* **Provided material**
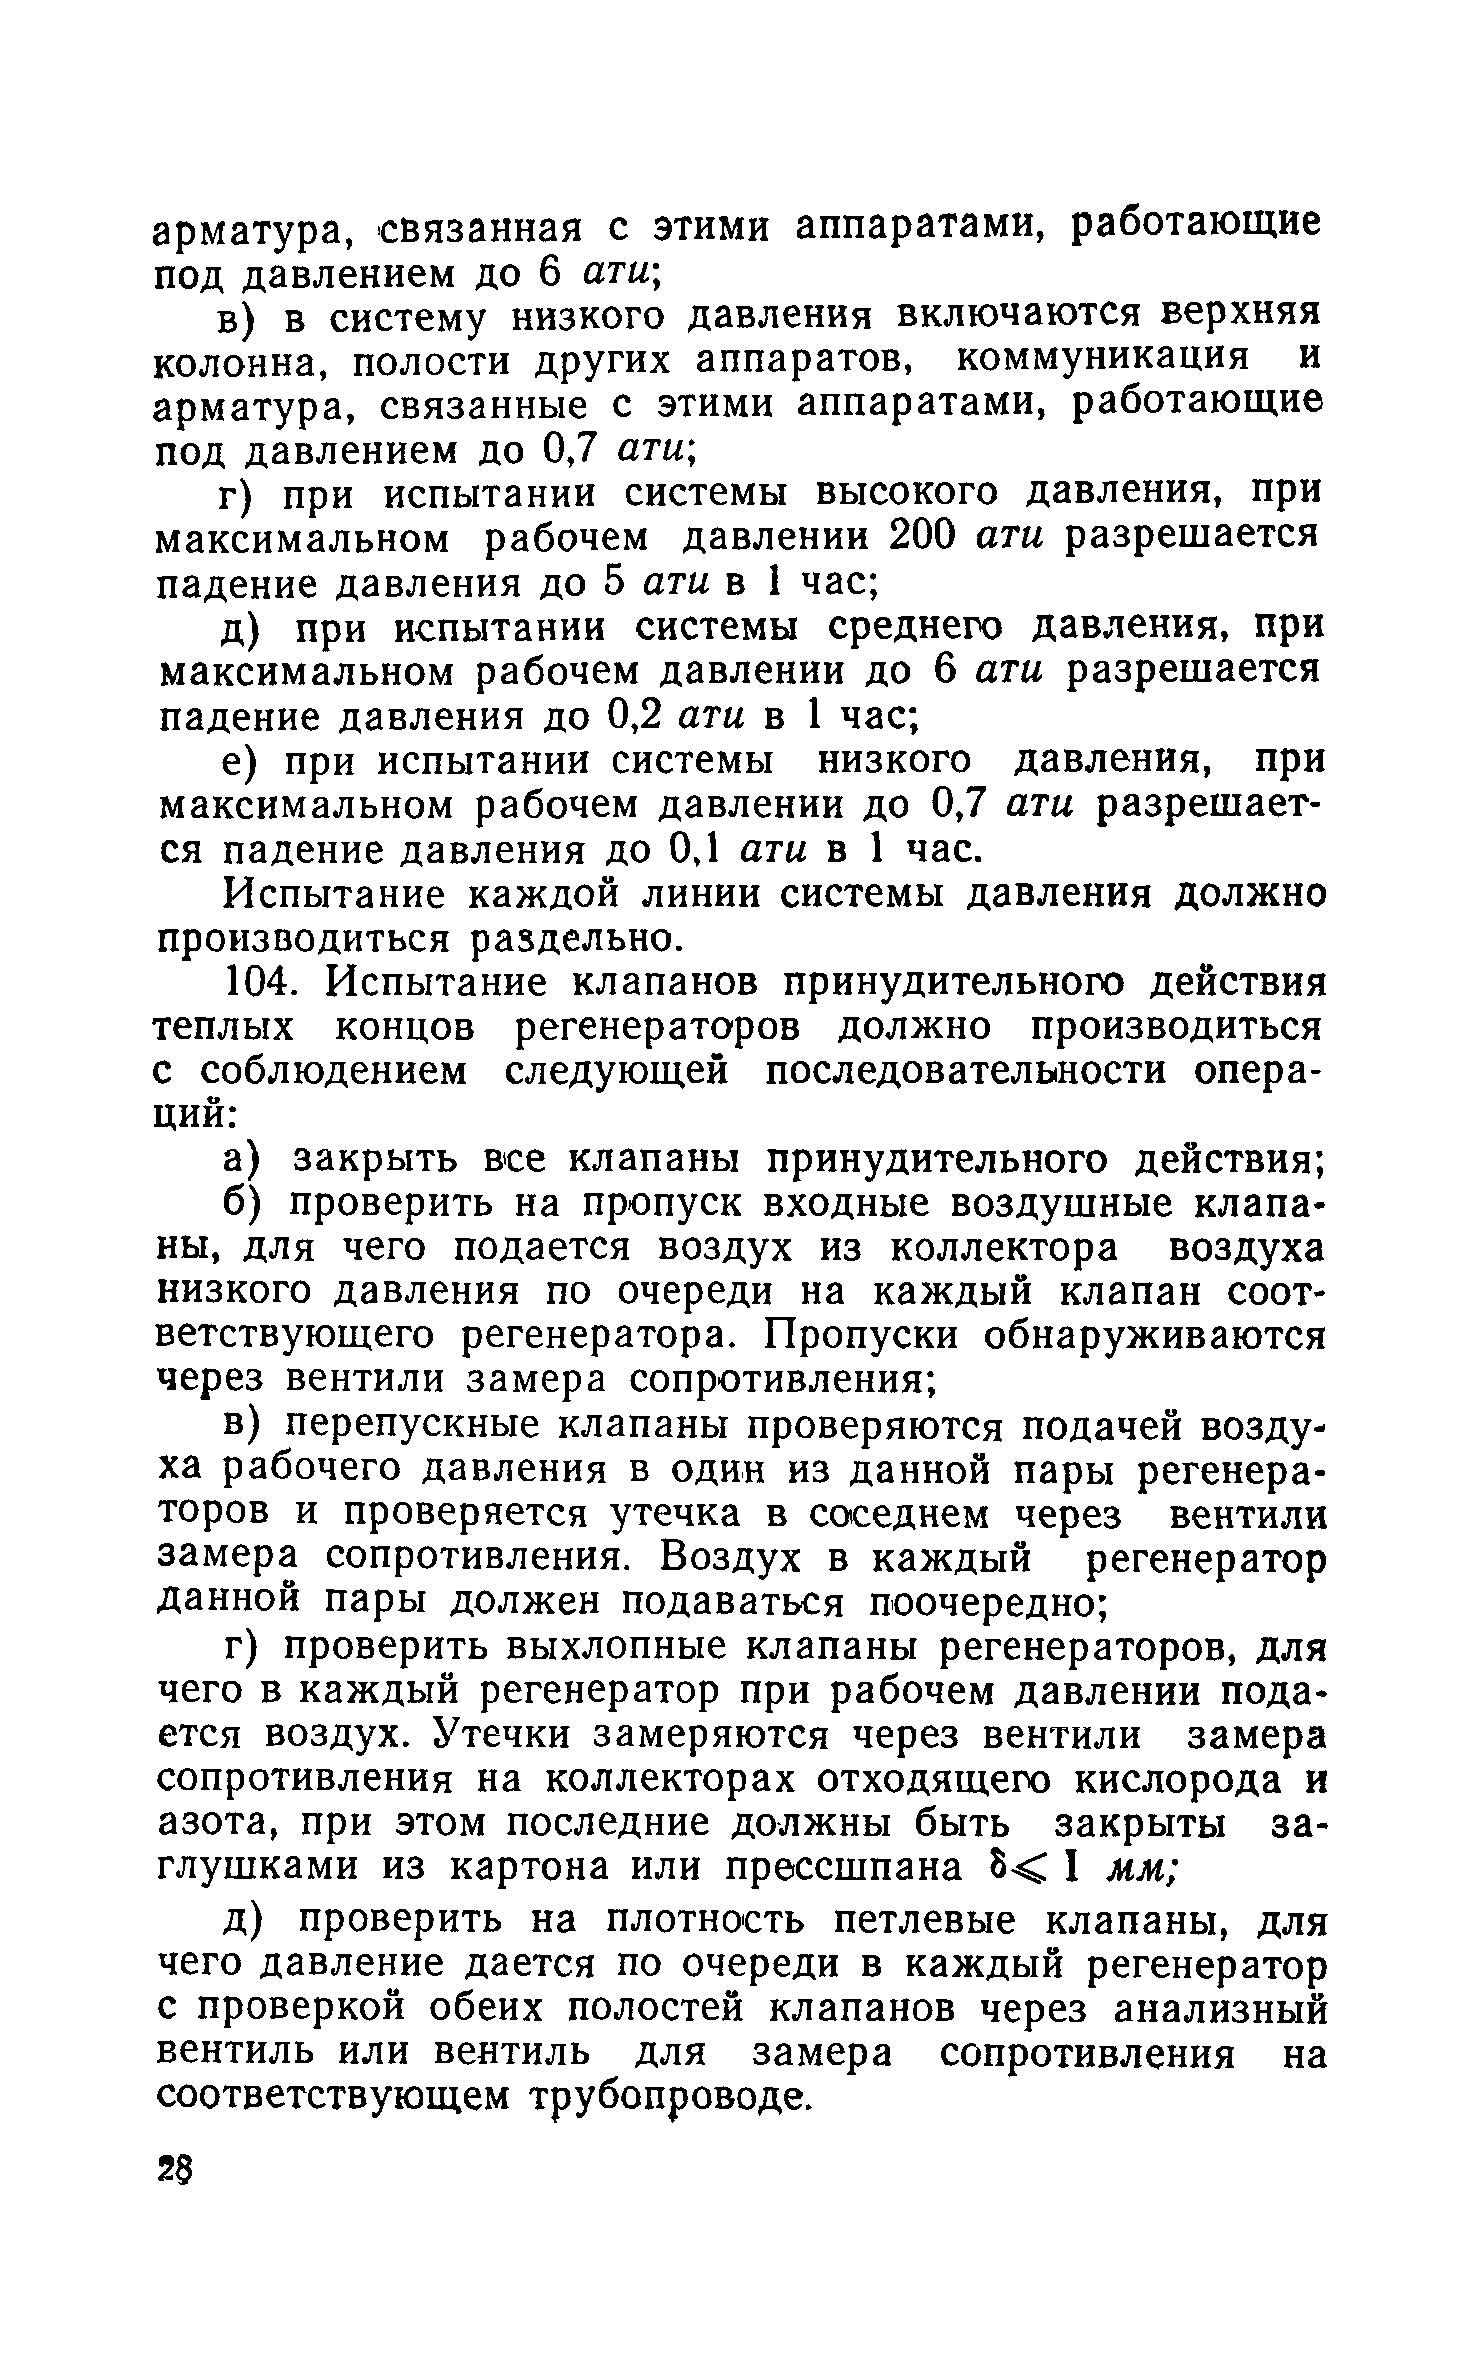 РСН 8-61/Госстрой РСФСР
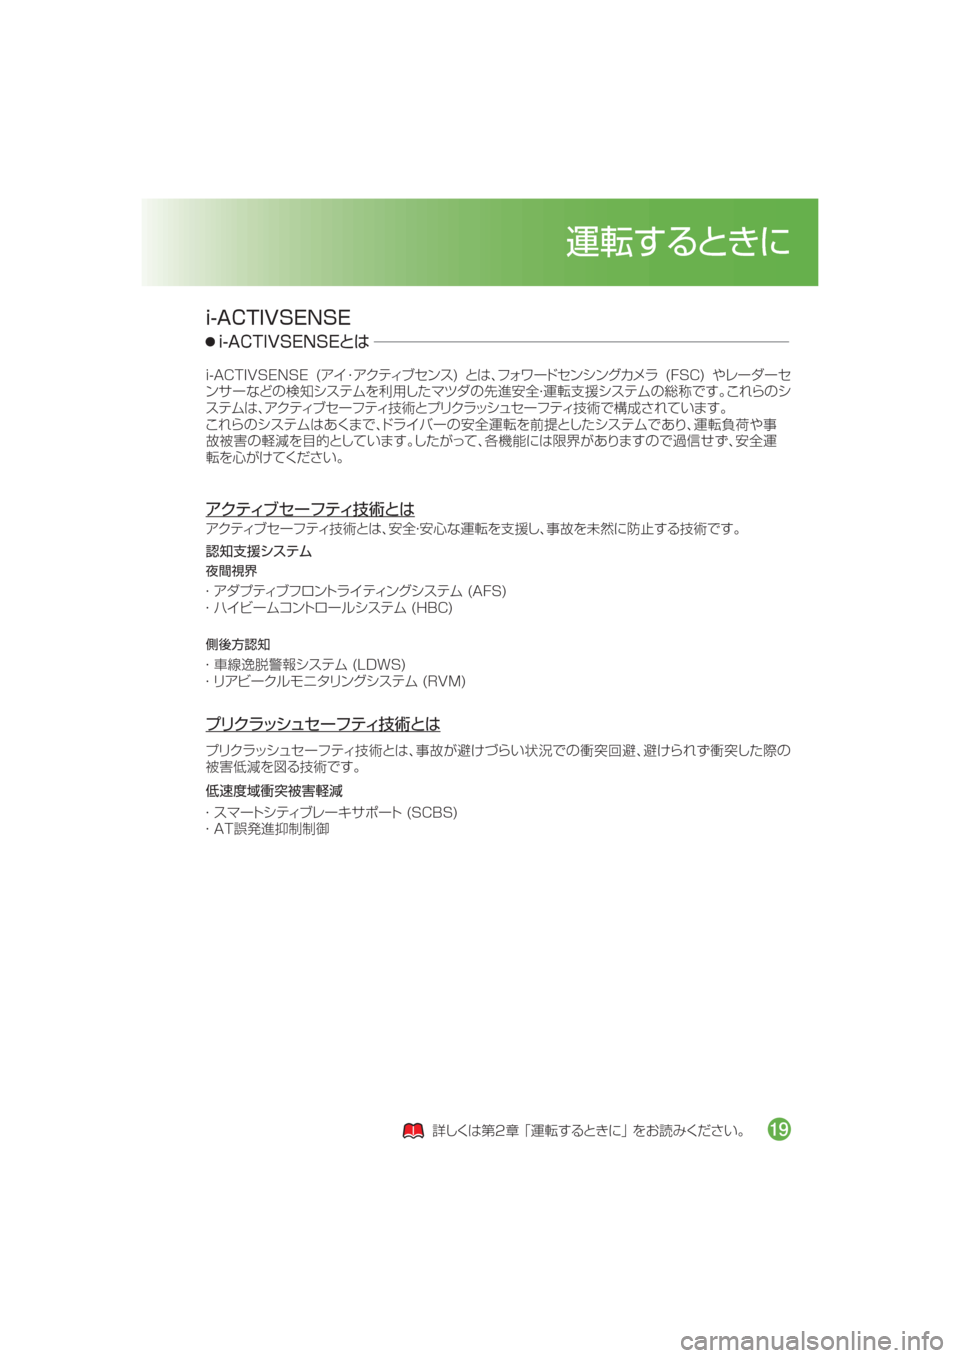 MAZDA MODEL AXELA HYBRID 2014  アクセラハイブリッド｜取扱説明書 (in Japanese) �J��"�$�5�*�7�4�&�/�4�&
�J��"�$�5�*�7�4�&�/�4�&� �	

* **Exercise**
Exact repetition of the material above is required, with the images removed.

* **Exercise answer**
 РСН 8-61/Госстрой РСФСР
 MAZDA MODEL AXELA HYBRID 2014  アクセラハイブリッド｜取扱説明書 (in Japanese) �J��"�$�5�*�7�4�&�/�4�&
�J��"�$�5�*�7�4�&�/�4�&� �	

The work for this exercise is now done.